Second, his reckless referendum to anoint himself president has dealt a deadly blow to his personal credibility and revealed his true political mindset. He is no different from Generals Zia ul Haq and Ayub Khan in wanting to conjure necessary ‘results’. And it has indicated his innate contempt for representative institutions like parliament and consensus documents like the constitution. In fact, if General Zia’s referendum was a farce, Musharraf’s will be read as a tragedy. What little might have been acceptable from him before the referendum is not acceptable after it.  

Third, his attempt to institutionalize the role of the army in politics in an age of democracy seeks to reverse the natural order of things. It will come a cropper, like General Zia’s did, when the international community on which it is propped is finally done with him. That is also why 58-2B might have been acceptable in the hands of an elected civilian president as in the past but will constantly be challenged as long as it remains in the hands of a soldier. 

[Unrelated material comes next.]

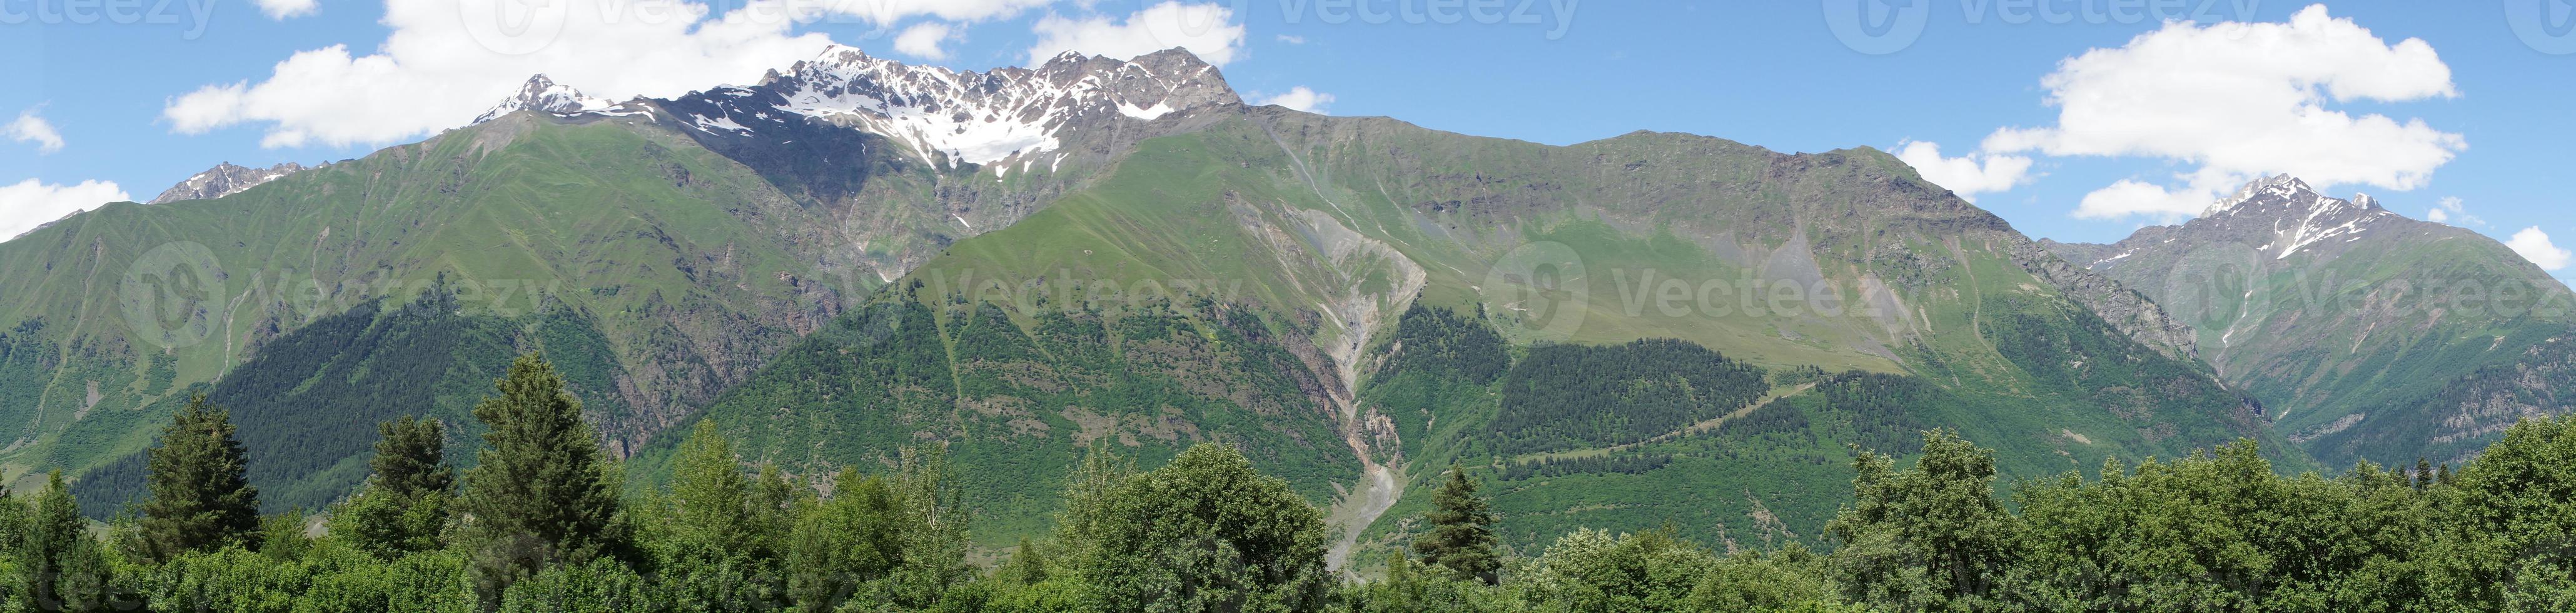 montañas del cáucaso, swanetia, georgia, europa foto

Fourth, his attempt to rig, divide and rule flies in the face of society’s urge for truth and reconciliation. General Zia kept just one party — the PPP — out of the loop and failed to provide stability. How can General Musharraf hope to keep the PPP, the PML(N) and the MMA out of the reckoning and still stake a claim to longevity? He should have co-opted the true representatives of the people — whoever and whatever they were — in a political and statesmanlike manner rather than manufacture consent and exclude them from full political participation. In fact, as things stand, the next general elections will probably go down as the most “pre-rigged” polls in Pakistan’s history and rob General Musharraf of the credibility he craves.  

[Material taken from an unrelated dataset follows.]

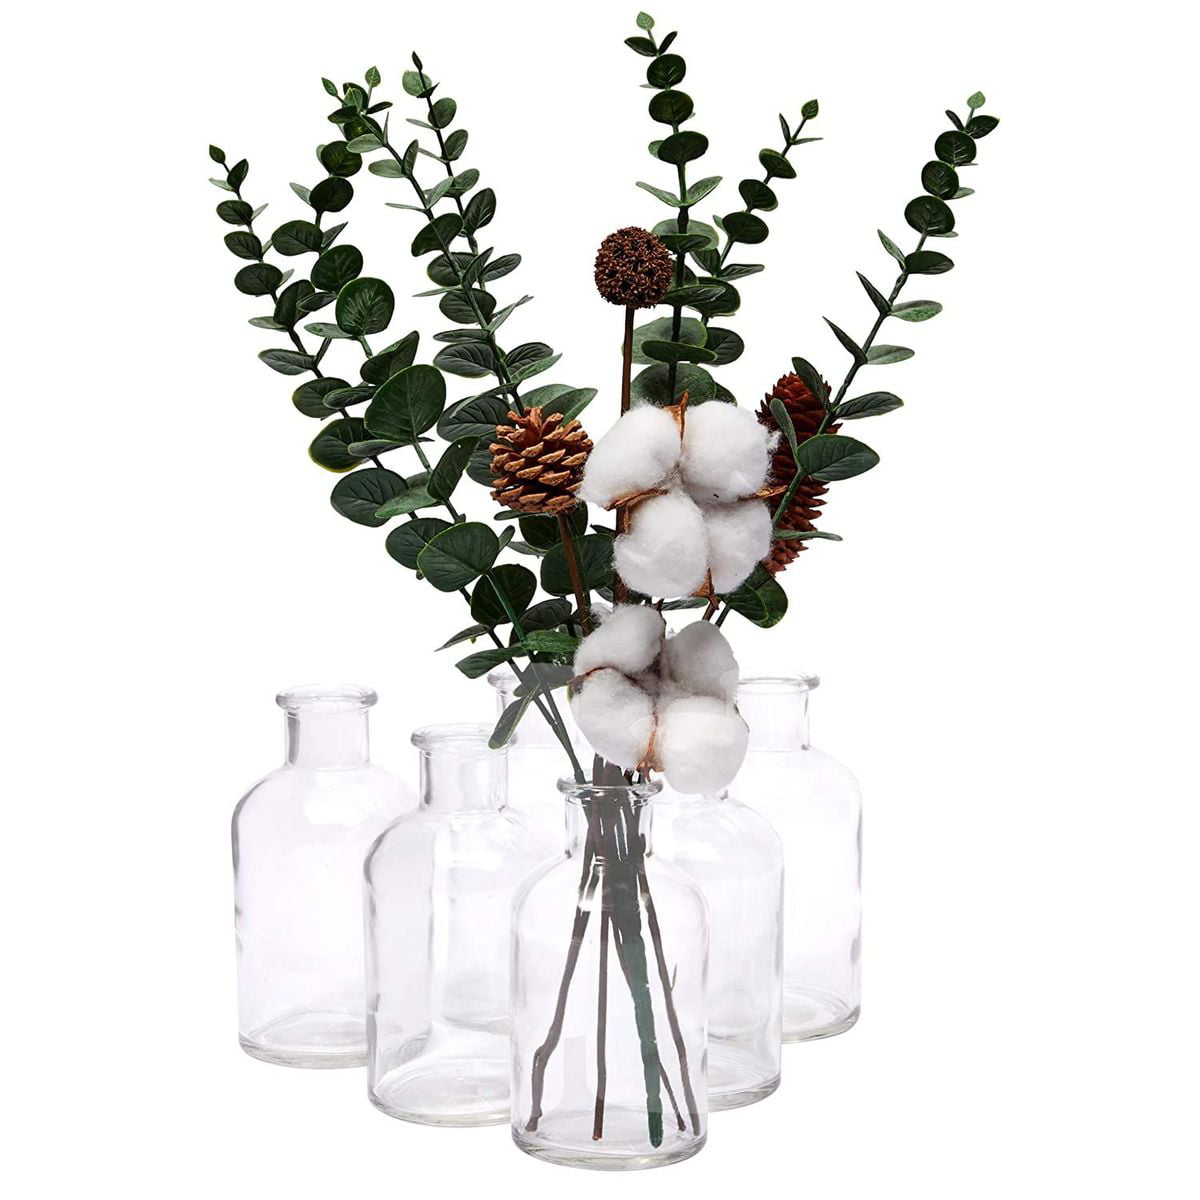 Glassware Amber Glass Vintage Decorative Bottle Bud Flower Vase Home Decor Table Decor Bud Vase Vanity Decor Movie Prop Decor

Fifth, and this is the most important reason, General Musharraf’s act of seizing the crown in 1999 is not half as illegitimate and unacceptable as the Bonapartist act of putting it on his head last week without seeking the approval of the next parliament. Neither of his coup-making predecessors was so arrogant or self-righteous. “Go to the supreme court”, he says contemptuously, “it has allowed me to crown myself”, knowing fully well that the supreme court does not have the power to “give” the power of constitutional amendment to anyone. And what if the court were to deny him this power? What if the next parliament were to try and take it away from him? “Why then,” he warns, “I shall have to sack it.”  

All these factors manifest an anti-institutional frame of mind that mocks the very concept of checks and balances that he wishes to institutionalize. It highlights the contradictions of the man and his politics so eloquently captured by the remark that “the army must be allowed in so that it is kept out”.  

General Pervez Musharraf has come a long way from the apolitical soldier who was pushed into the cesspool in 1999 to the soiled politician who has emerged from it in 2002. Sooner or later, however, the world will recoil from soldiers and armies in pursuit of solutions and focus on soldiers and armies as part of problems. And that is when the cookie will begin to crumble.